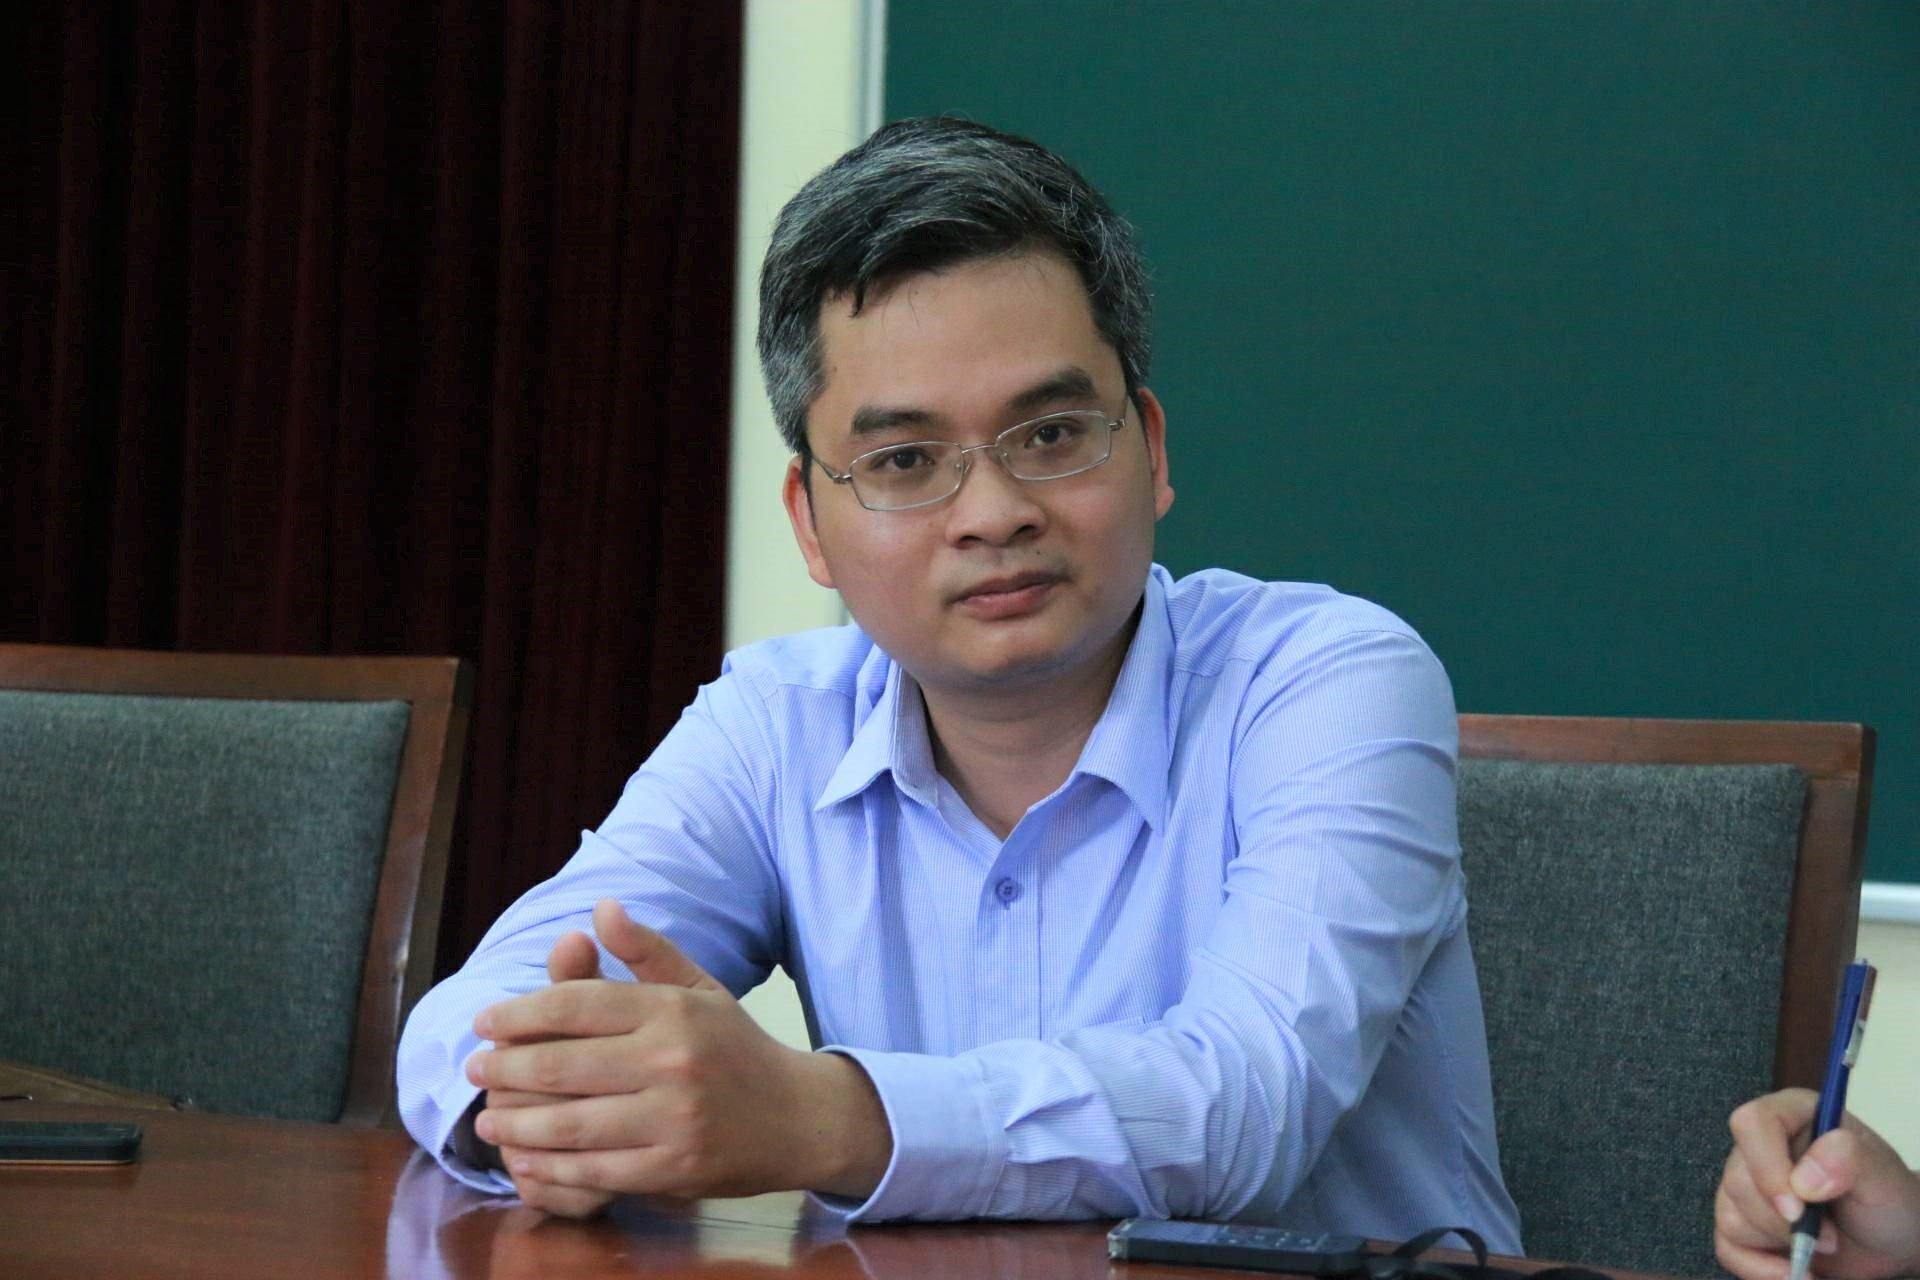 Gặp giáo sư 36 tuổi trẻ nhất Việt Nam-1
...
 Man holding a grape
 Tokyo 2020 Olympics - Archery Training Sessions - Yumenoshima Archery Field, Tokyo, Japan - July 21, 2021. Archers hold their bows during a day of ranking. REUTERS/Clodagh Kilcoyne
==
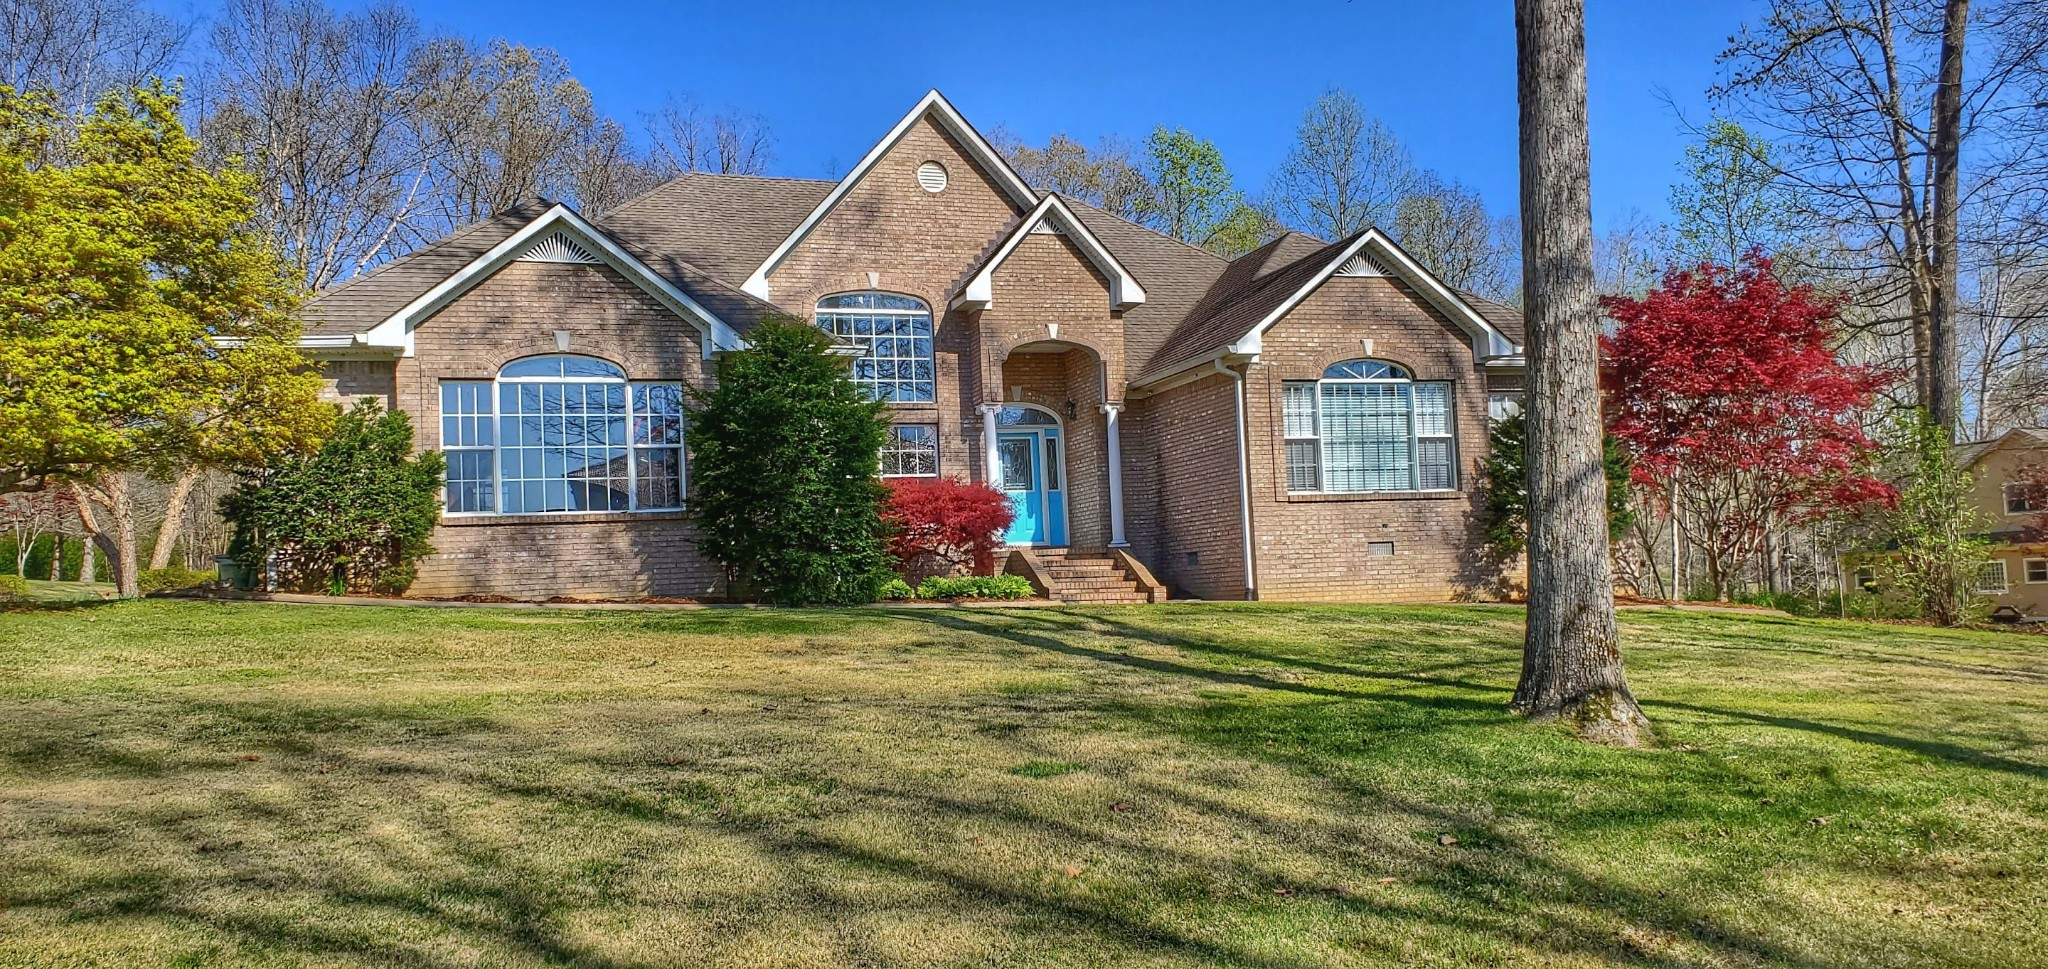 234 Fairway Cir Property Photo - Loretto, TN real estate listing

TASK GOAL — Would you copy out exactly the lines above that start at the one containing "Man holding a grape" and end at the one containing "Tokyo 2020 Olympics", inclusive?

TASK OUTPUT —
 Man holding a grape
 Tokyo 2020 Olympics - Archery Training Sessions - Yumenoshima Archery Field, Tokyo, Japan - July 21, 2021. Archers hold their bows during a day of ranking. REUTERS/Clodagh Kilcoyne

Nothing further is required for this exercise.